5.3.2 Check assumptions: distribution

  • Parametric tests require normally distributed data

5.3.3 Check assumptions: distribution #2

  • Parametric tests require normally distributed data
shapiro.test(regression_data$treatment_duration)

    Shapiro-Wilk normality test

data:  regression_data$treatment_duration
W = 0.94971, p-value = 0.0007939
shapiro.test(regression_data$aggression_level)

    Shapiro-Wilk normality test

data:  regression_data$aggression_level
W = 0.9928, p-value = 0.8756
  • The normality assumption is less of an issue when sample size is > 30

5.3.4 Checking assumptions: linearity

regression_data %>% ggplot(aes(x=treatment_duration,y=aggression_level)) +
  geom_point()

  • Here we are looking to see if the relationship is linear

5.3.5 Run correlation

  • R can run correlations using the cor.test() command
cor.test(regression_data$treatment_duration,regression_data$aggression_level)

    Pearson's product-moment correlation

data:  regression_data$treatment_duration and regression_data$aggression_level
t = -9.5503, df = 98, p-value = 1.146e-15
alternative hypothesis: true correlation is not equal to 0
95 percent confidence interval:
 -0.7838251 -0.5765006
sample estimates:
       cor 
-0.6942996 

5.3.6 Check r Value (correlation value)

  • The r value tells us the strength and direction of the relationship
  • In the output it is labelled as “cor” (short for correlation)
cor.test(regression_data$treatment_duration,regression_data$aggression_level)

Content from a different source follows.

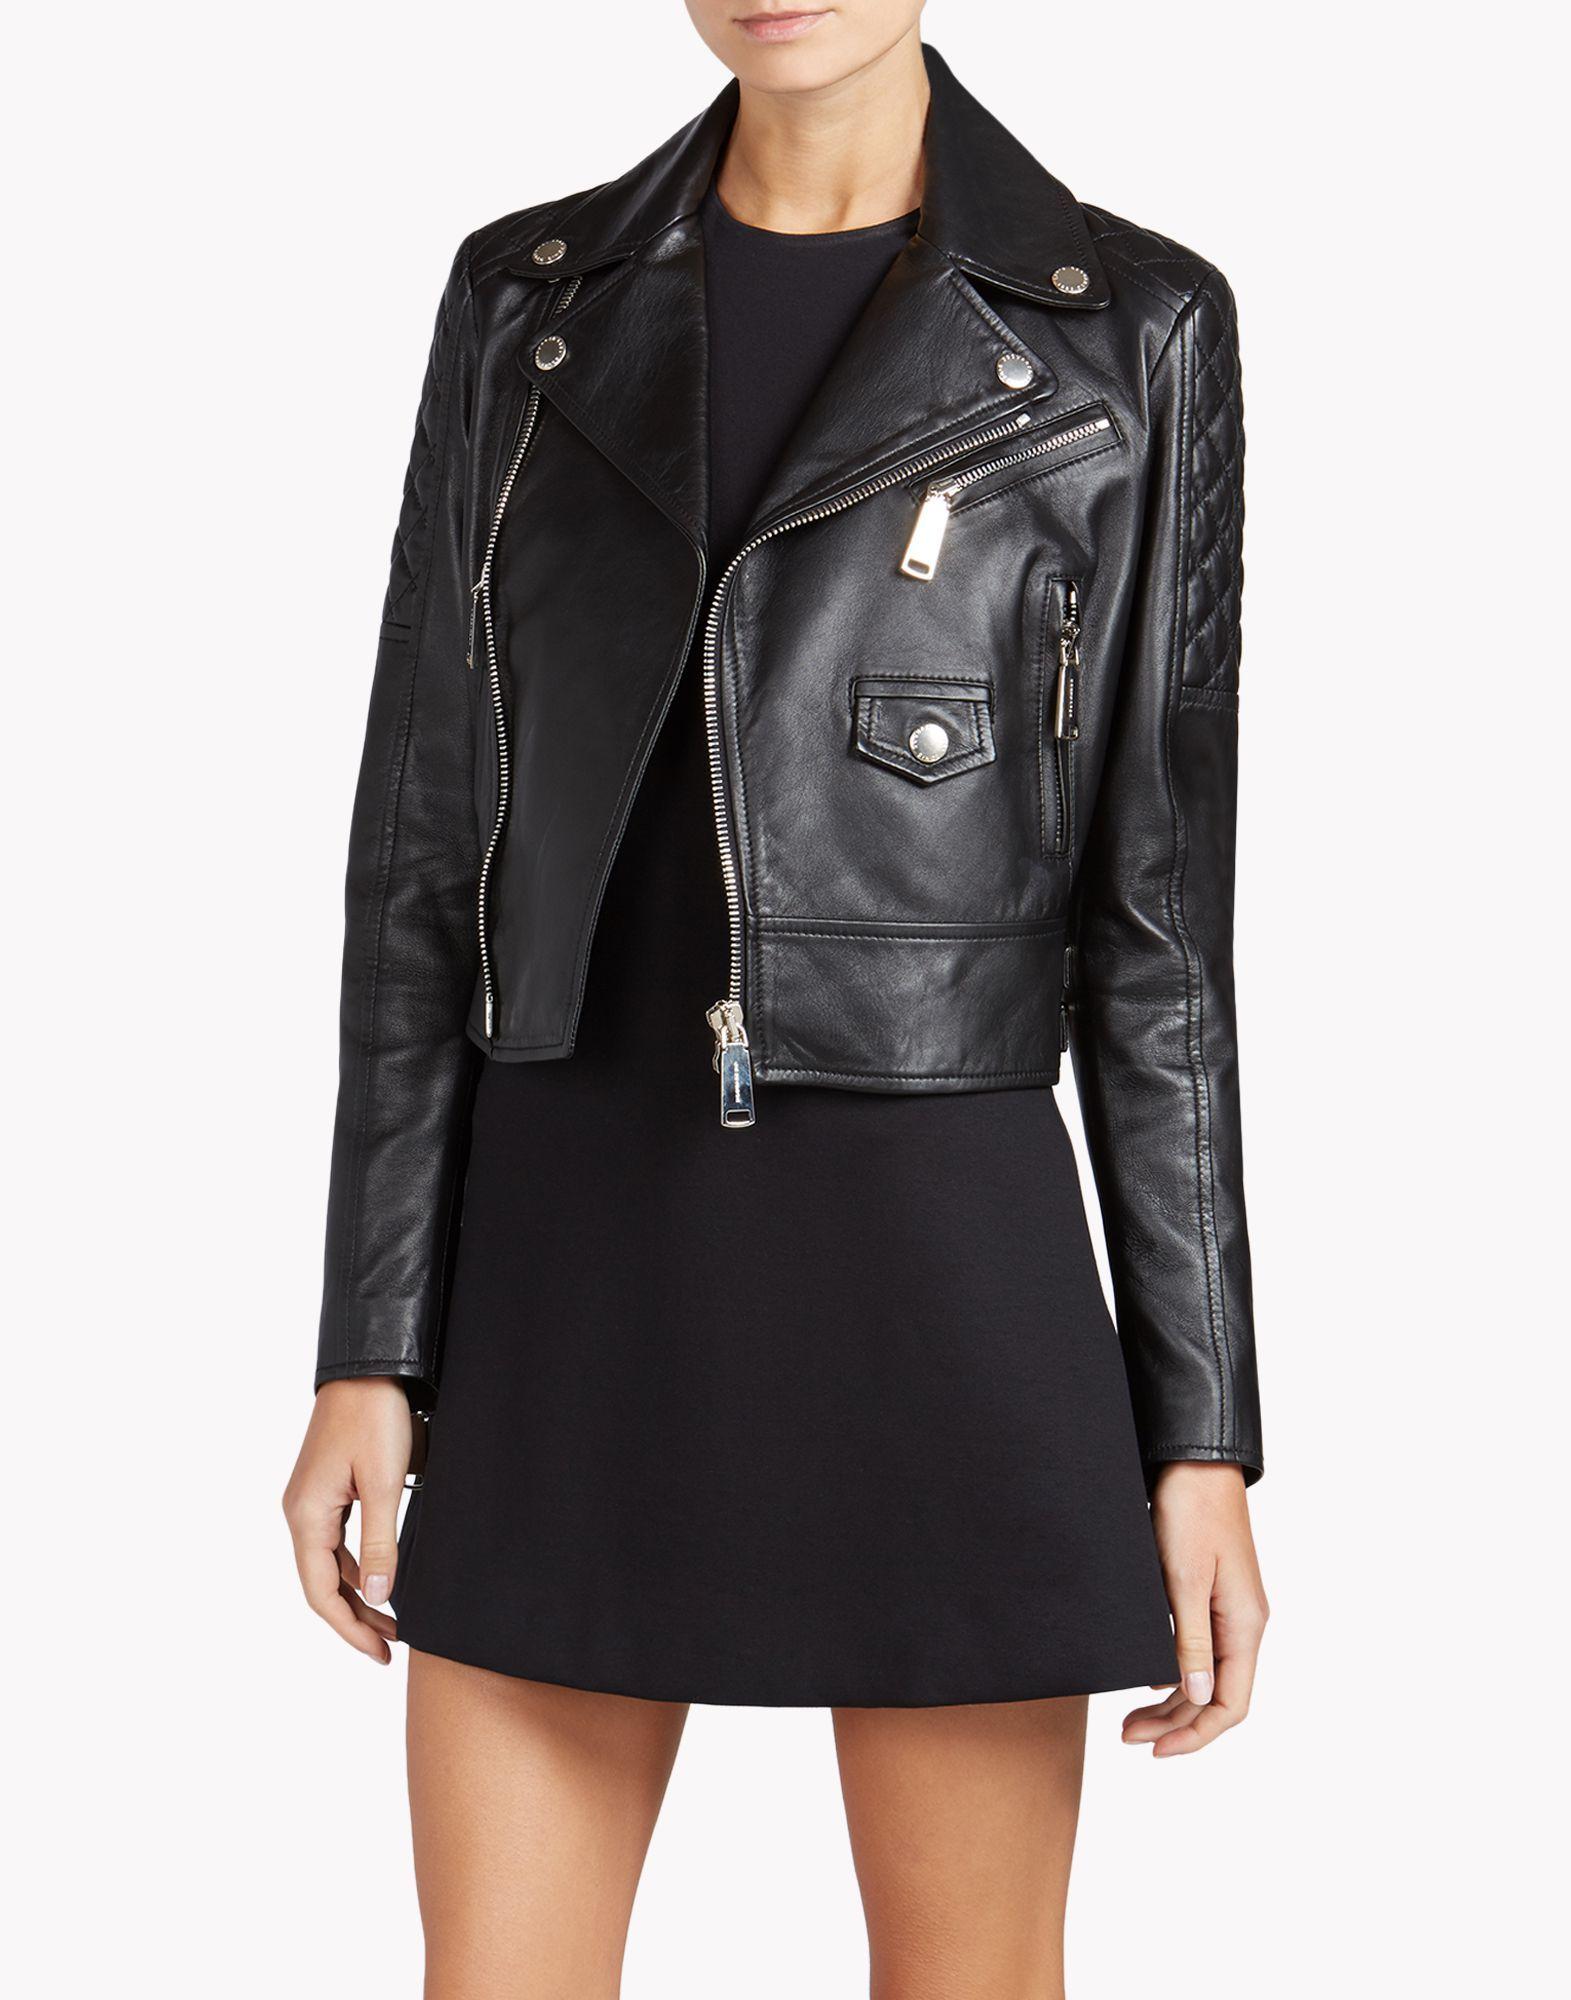 Online Dsquared2 Biker Store Women Jacket Leather Outerwear CqCwrpX
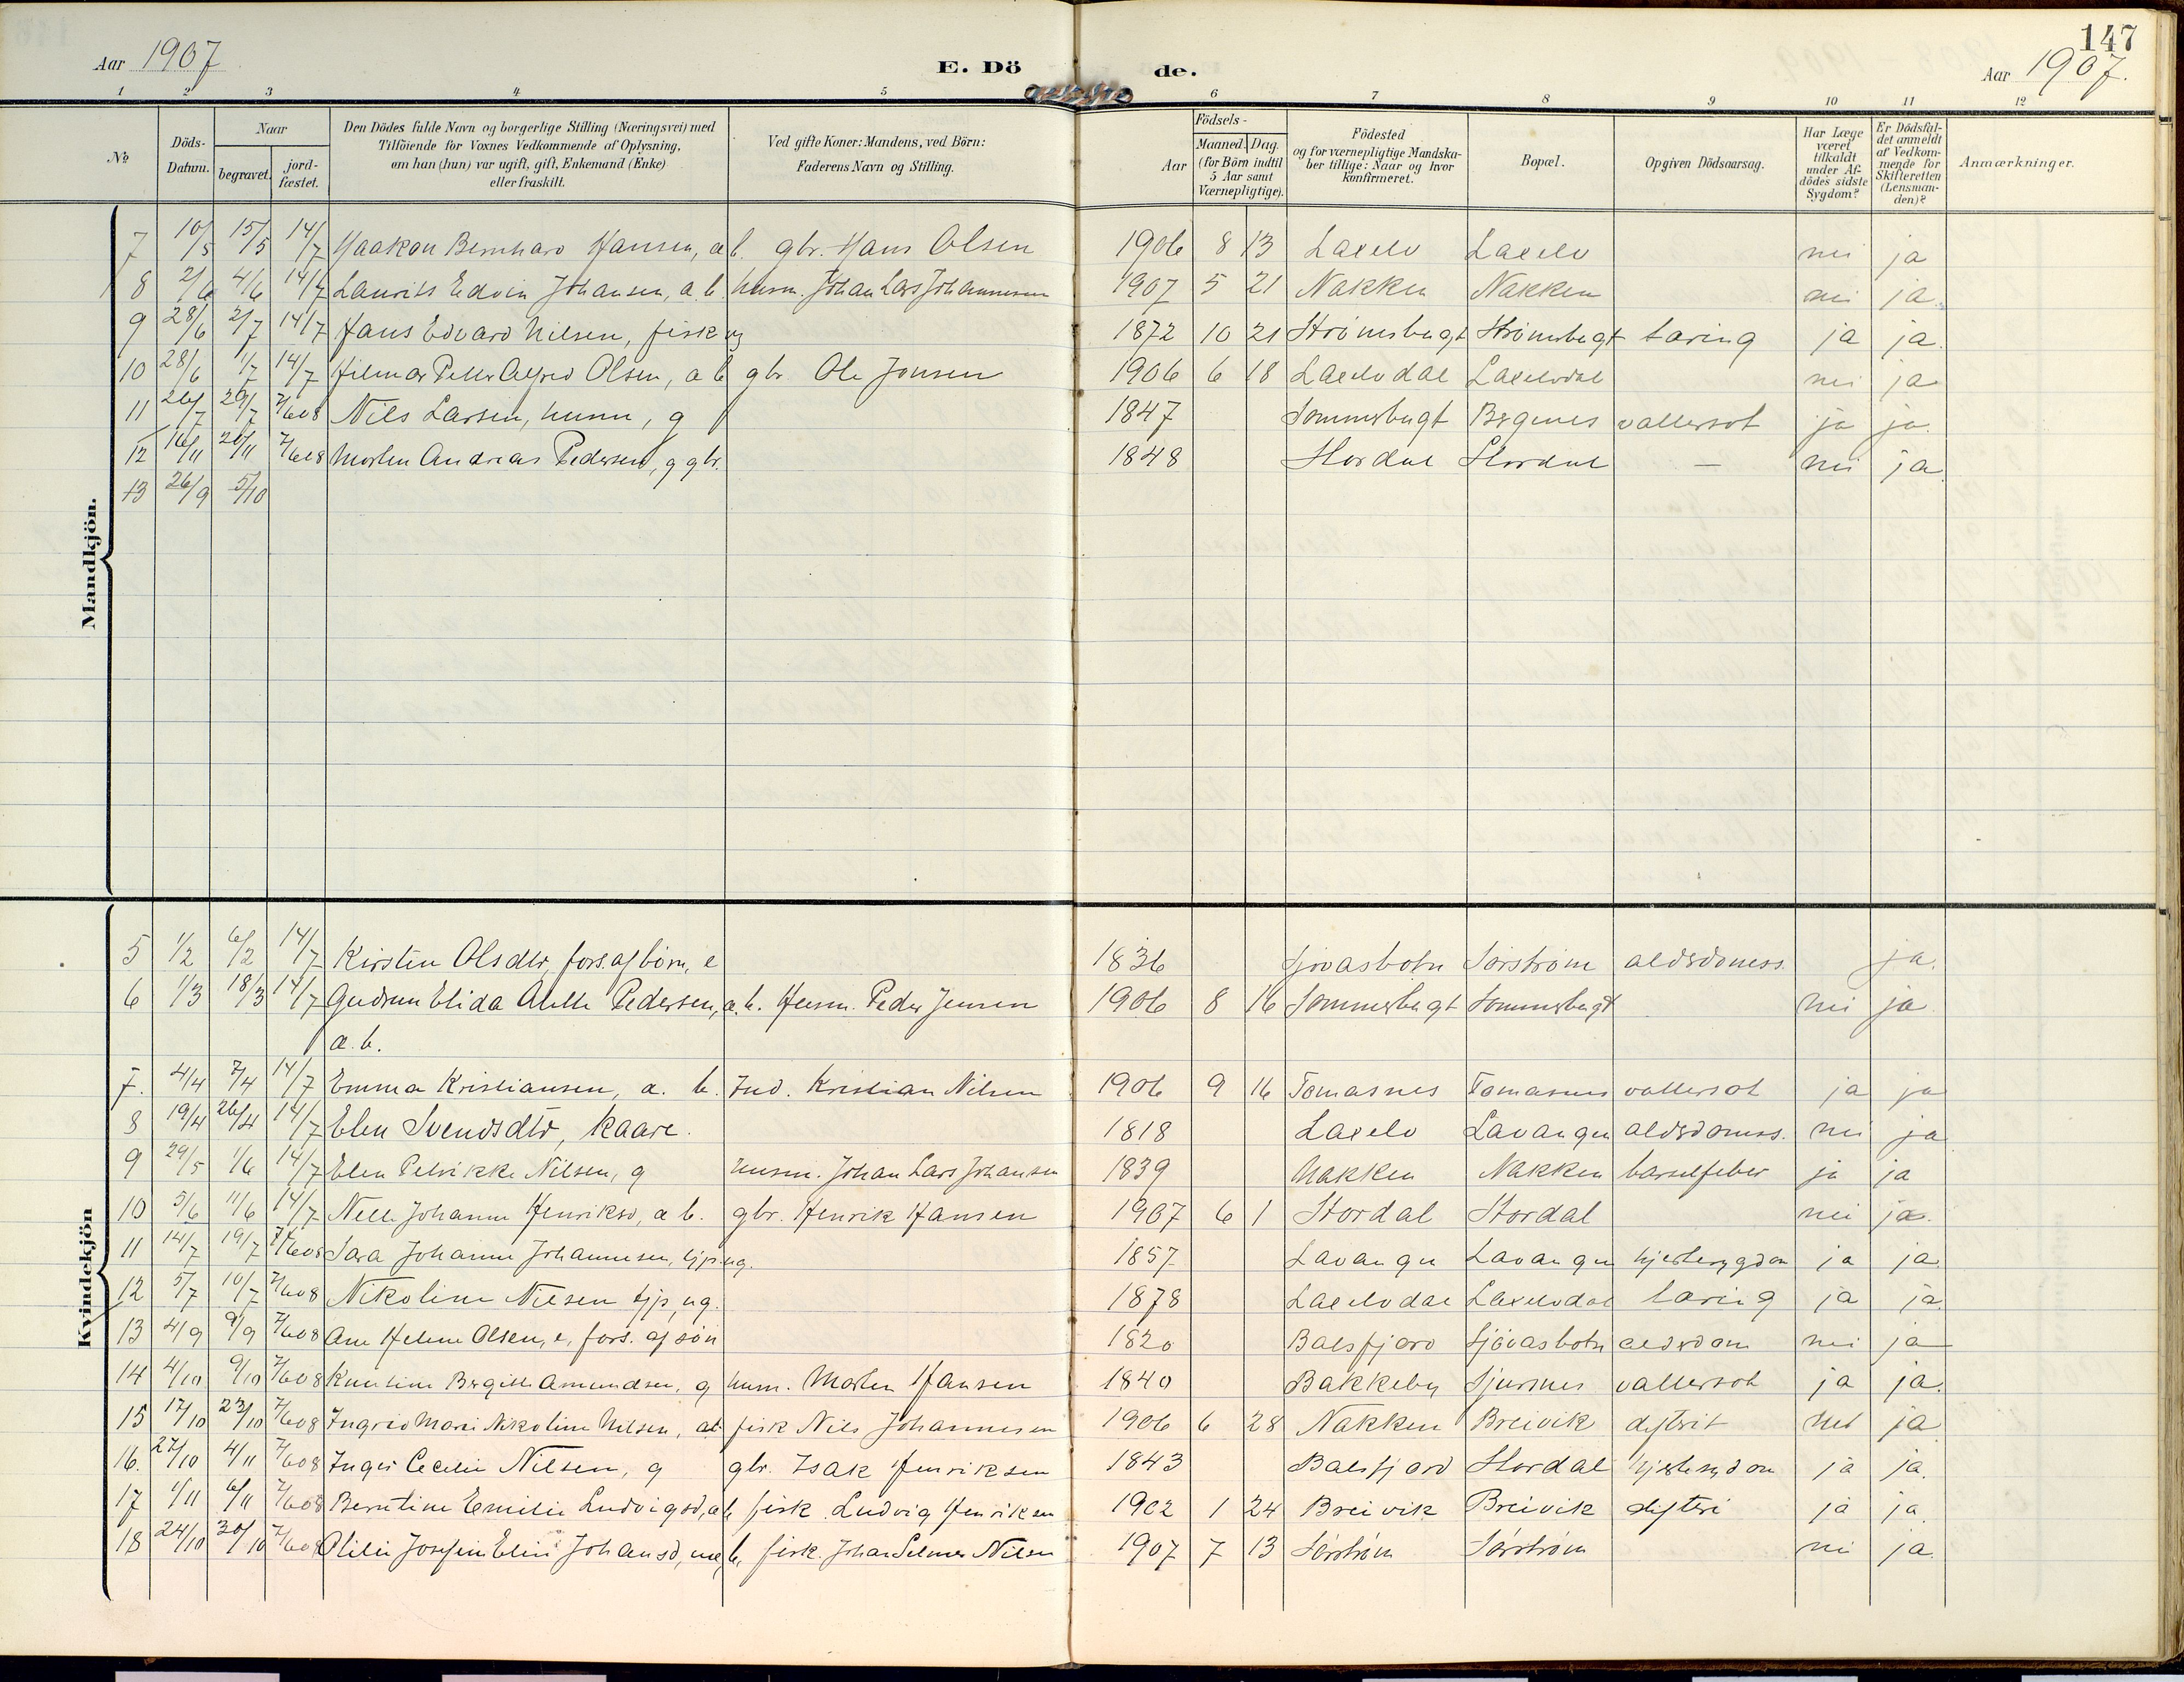 SATØ, Lyngen sokneprestembete, Ministerialbok nr. 14, 1905-1920, s. 147

    Pearson's product-moment correlation

data:  regression_data$treatment_duration and regression_data$aggression_level
t = -9.5503, df = 98, p-value = 1.146e-15
alternative hypothesis: true correlation is not equal to 0
95 percent confidence interval:
 -0.7838251 -0.5765006
sample estimates:
       cor 
-0.6942996 

5.3.7 Check the significance of the correlation

  • We can see that the significance by looking at the p value
    • The significance is 1.146^-15
    • This means: 0.0000000000000001146
  • Therefore p value < 0.05
cor.test(regression_data$treatment_duration,regression_data$aggression_level)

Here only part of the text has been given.